The passage Rev. 3:7–11 forms part of the epistle to the bishop of the church in Philadelphia. Christ does not say to him through the mouth of John: “Because thou livest so piously,” but rather: “Because thou hast kept the word of my patience, I also will keep thee from the hour of temptation, which shall come upon all the world.” This adherence to pure doctrine was therefore his crown, which he was not to allow to be taken from him. Although it says earlier: “I know thy works,” these works here mean nothing other than faithful adherence to the word of truth, just as the bishop of Laodicea they mean nothing other than his lukewarmness and his apostasy from the good confession.
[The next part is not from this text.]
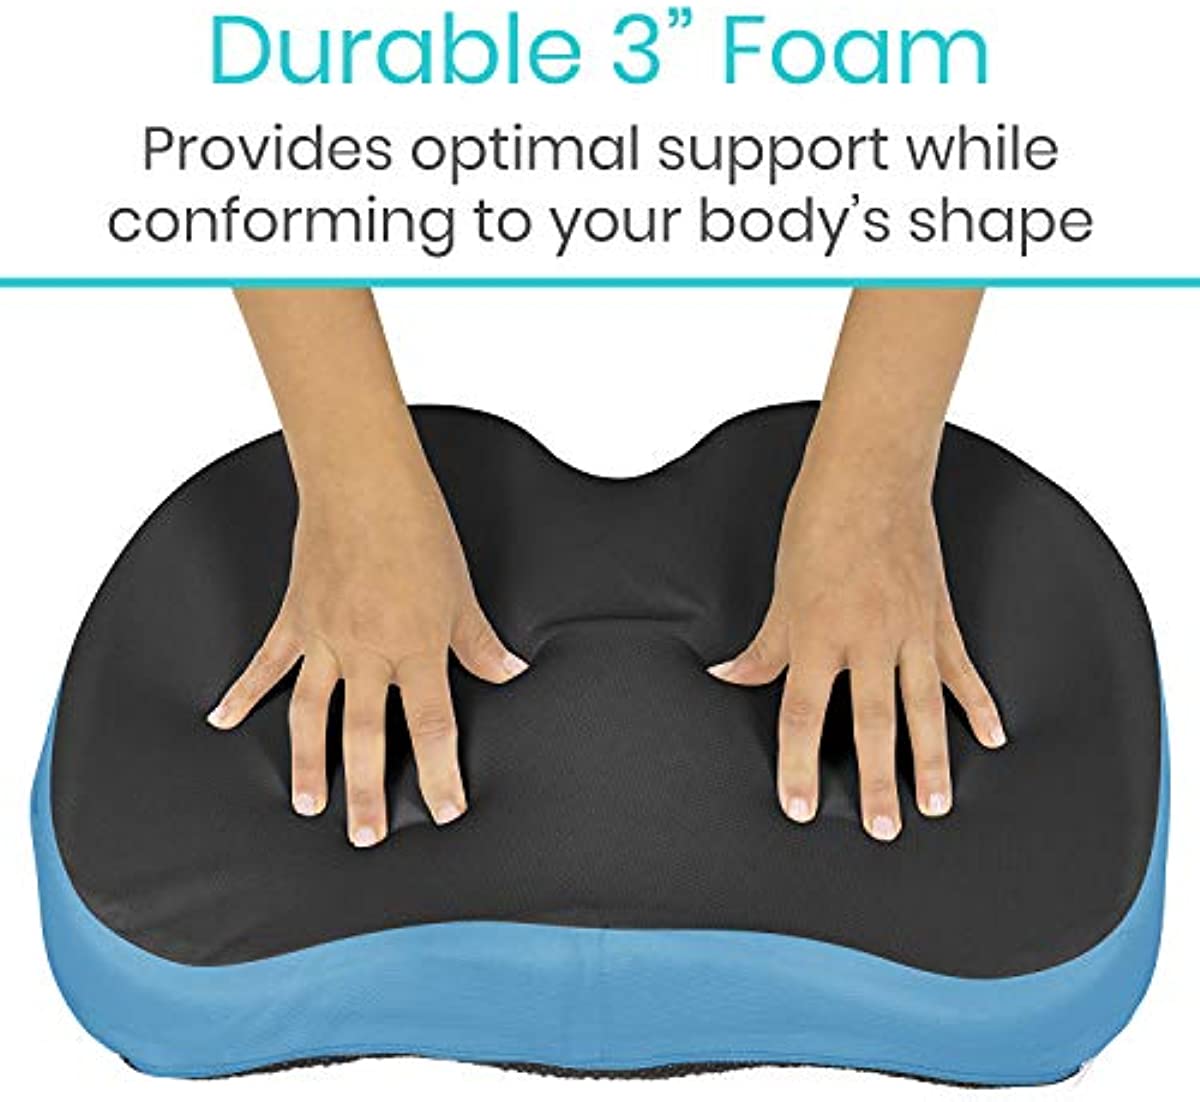 Vive Coccyx Seat Cushion - Orthopedic Foam for Office Chair, Car, Desk and Wheelchair - Tailbone and Lumbar Support Pad - Firm for Sciatica, Lower Back Pain Relief - Includes Soft Cover

And how the promise given to the church in Philadelphia has been fulfilled to this day is evidenced by the multitude of Christians still living in this city, while the Laodicean church has disappeared and its place has become a heap of ruins. If the above promise is also to be fulfilled for us and our children after us, then it is truly necessary that we also faithfully keep the word in these last times of temptation. Note also that in this epistle Christ does not call those who have fallen away “dear brothers,” who take a different and justified standpoint, but rather those who “lie.”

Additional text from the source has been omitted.